Still, the GM doesn’t get to hide behind ignorance, even if that’s really what happened. As for Hinch, his role — as detailed in Manfred’s report — is almost comically inept. According to the investigation, Hinch “neither devised the banging scheme nor participated in it” and yet he didn’t stop the cheating or even convey his disapproval. Manfred also included that Hinch “expressed much contrition” to both him and the investigators, but let’s be real here. To turn a blind eye to illicit activities happening a few feet away practically makes him an accomplice.

Manfred did his homework, with MLB’s Department of Investigations interviewing 68 witnesses, including 23 current and former Astros players. They also went over “tens of thousands” of pieces of electronic evidence, from emails to photos to Slack conversations.The commissioner needed total transparency, and based on the evidence that emerged, Manfred was able to prosecute the Astros to such an extent that they should serve as a deterrent in the future.

There remain loose ends, however, and the potential for more collateral damage.  Manfred now is moving on to an investigation of the Red Sox’s sign-stealing operation from the 2018 season, with manager Alex Cora — the former Astros bench coach — positioned in the crosshairs.

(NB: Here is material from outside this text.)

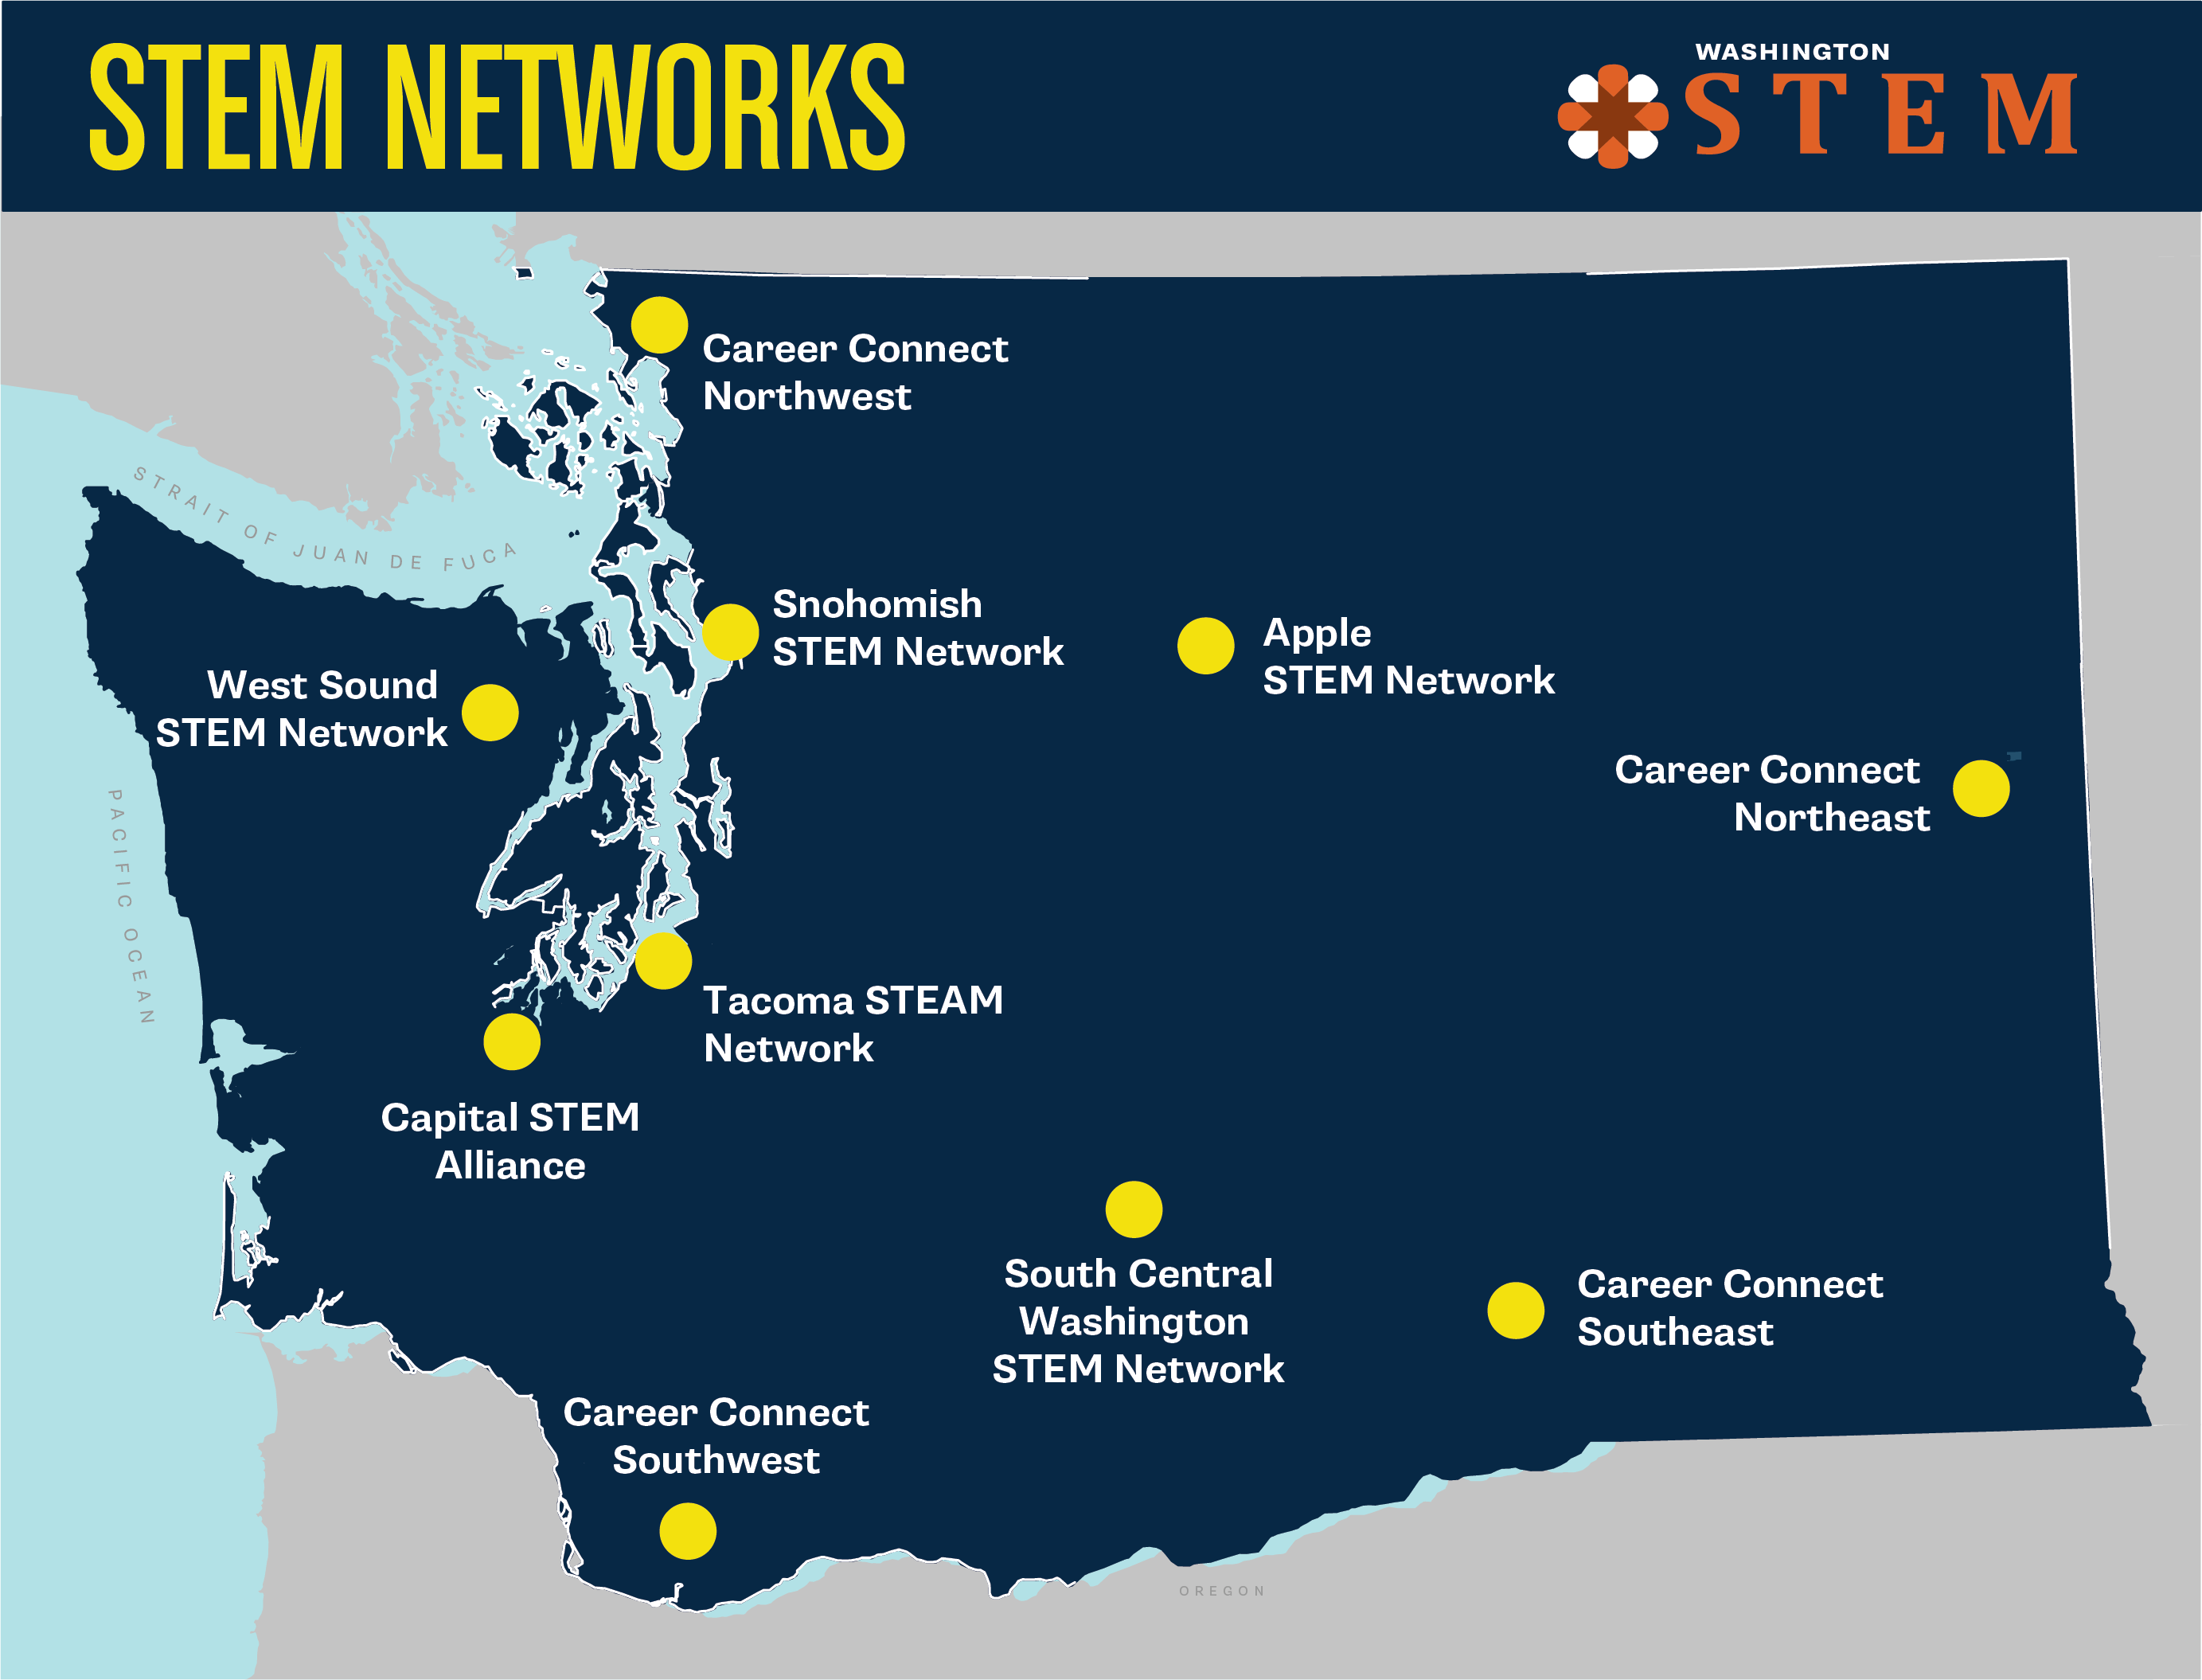 Washington State-kort i mørkeblåt med gule prikker, der viser netværksplaceringer

Cora is one of the stars of Manfred’s Astros report and even gets his own boldfaced headline, along with Luhnow, Hinch and disgraced former assistant GM Brandon Taubman (also suspended a year for last October’s clubhouse harassment of women reporters). Manfred links Cora to just about everything — the trash-can banging, the replay-review misconduct — and paints him as the ringleader.

From what we witnessed Monday, that’s bad news for Cora. If Hinch got a one-year suspension and subsequently was fired merely for looking the other way, Cora has to be a goner in Boston — only two seasons into the job, and after winning the World Series in his rookie year.

Then again, that ’18 trophy now is permanently tarnished, as are the resumes of Cora, Hinch and Luhnow. Not to mention all the players who benefited from the cheating.

And before we forget, what of new Mets manager Carlos Beltran? He was a key figure in the report but was able to skate because he was a player on those Astros teams and not in a position of authority (in Manfred’s eyes).

Beltran already has received plenty of unwanted attention for this, and it’s not going to get any easier with spring training fast approaching. Just because he’s not suspended doesn’t mean Beltran escapes with a clear conscience, and we’ll see how this impacts his Hall of Fame chances down the line.

Manfred did what he needed to do Monday, but the job isn’t finished yet. At least now everyone knows he means business.